/---
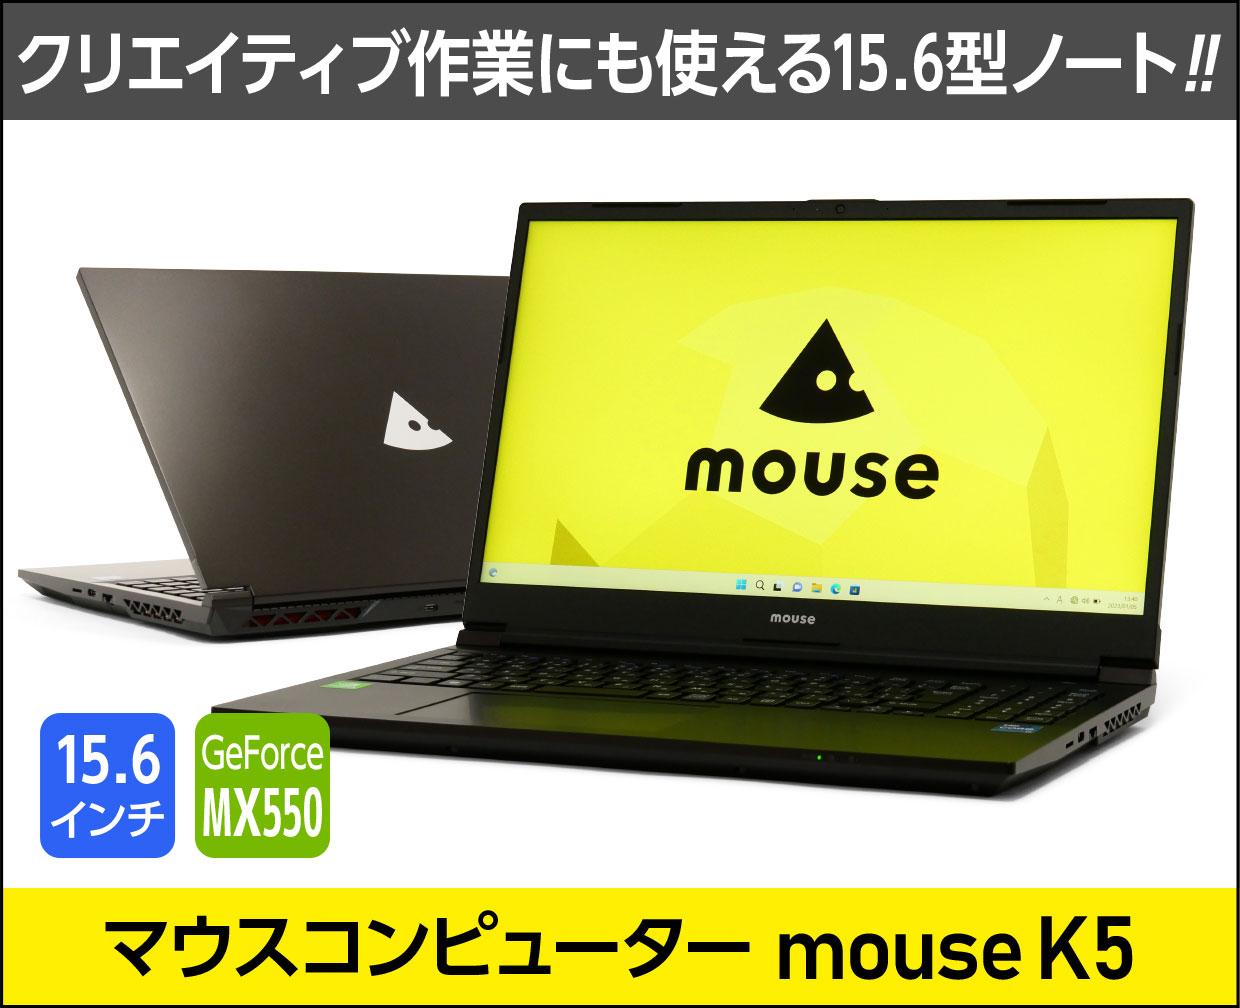 マウスコンピューター mouse K5のメイン画像
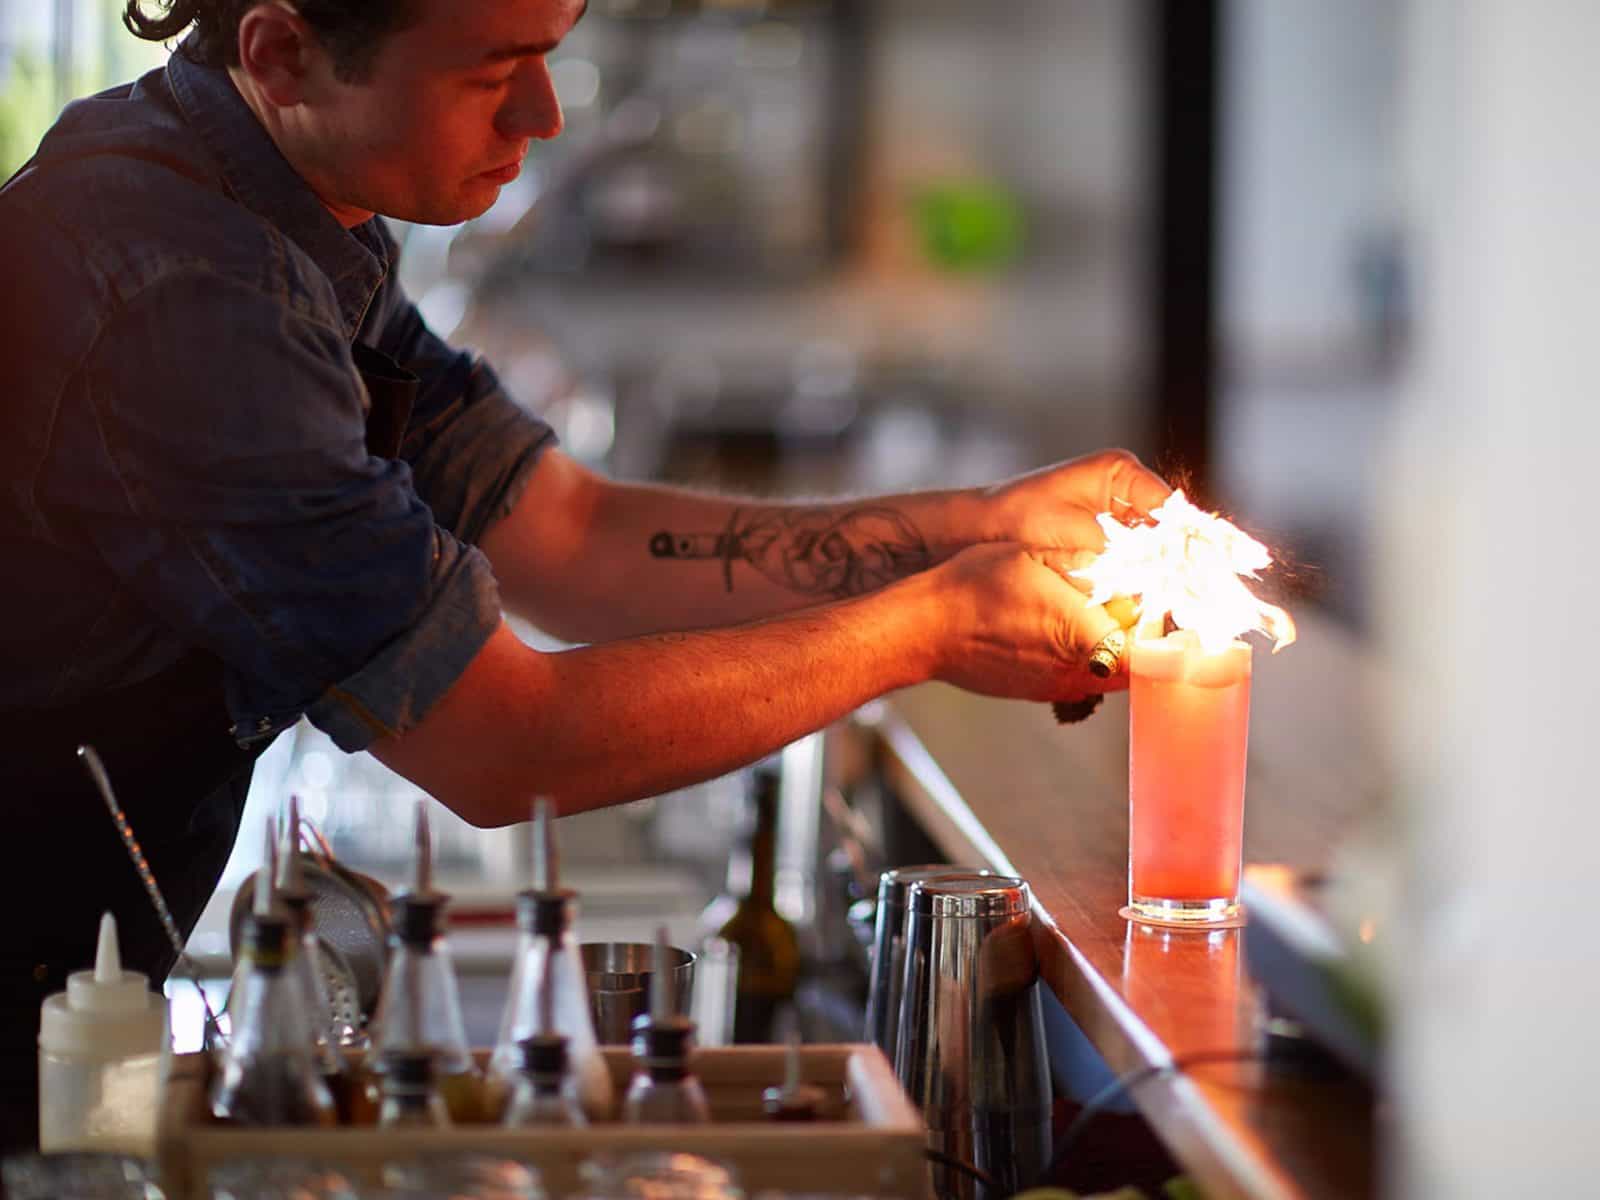 Barman lighting a cocktail on the bar
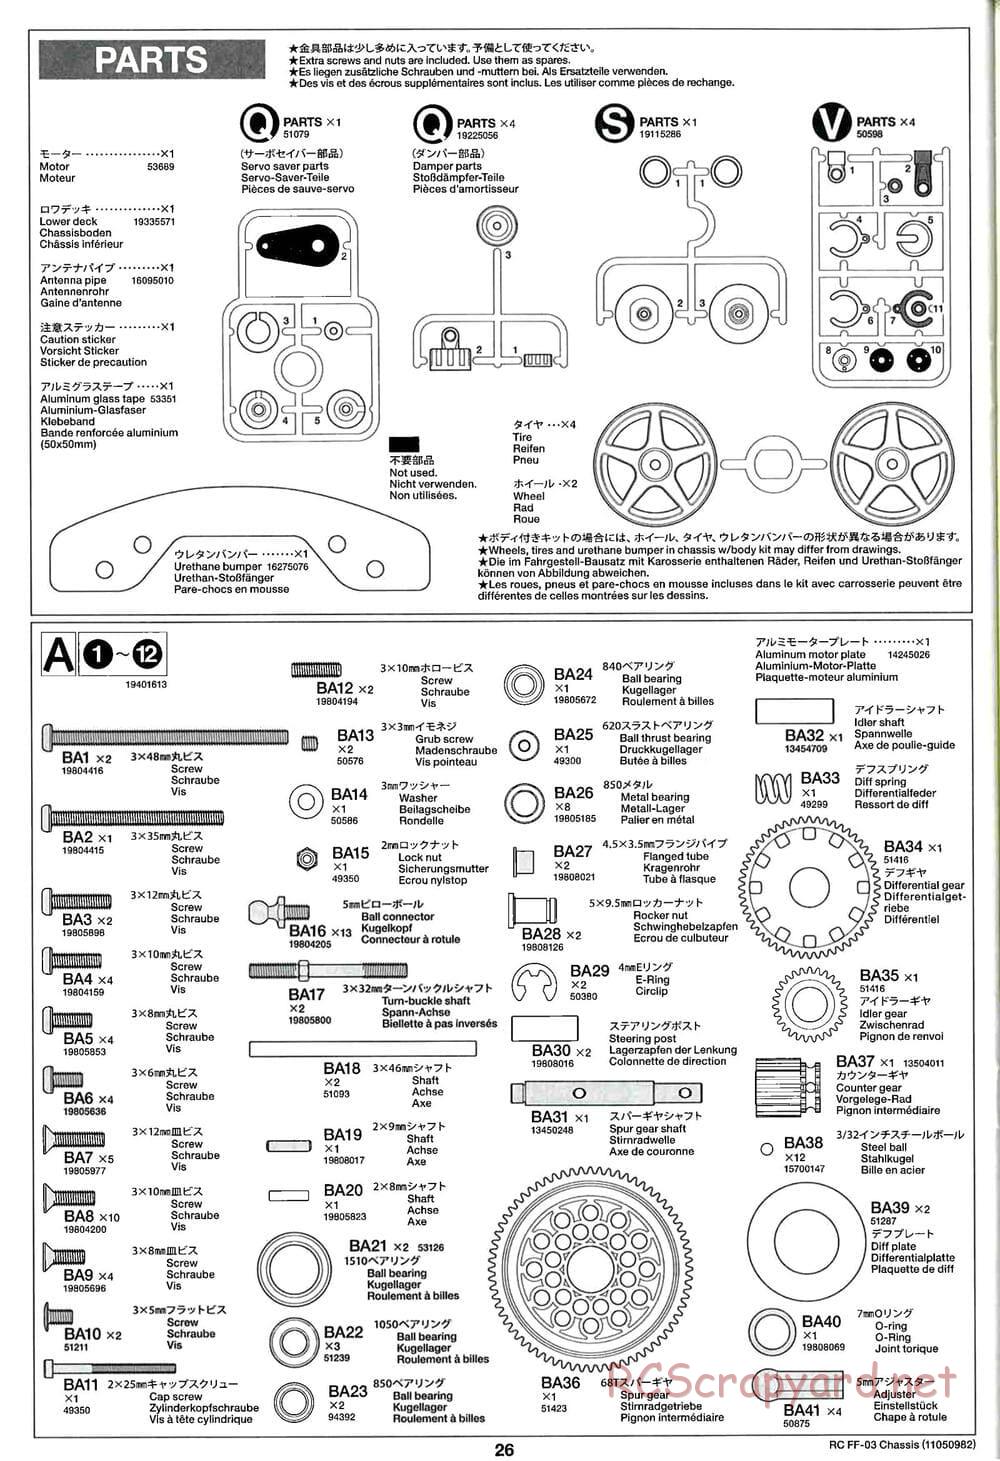 Tamiya - Castrol Honda Civic VTi - FF-03 Chassis - Manual - Page 26
\---
Output every line above exactly as it stands, and drop any picture.

▸ **RESULT FOR THIS EXERCISE**:
 マウスコンピューター mouse K5のメイン画像
 Barman lighting a cocktail on the bar
 Tamiya - Castrol Honda Civic VTi - FF-03 Chassis - Manual - Page 26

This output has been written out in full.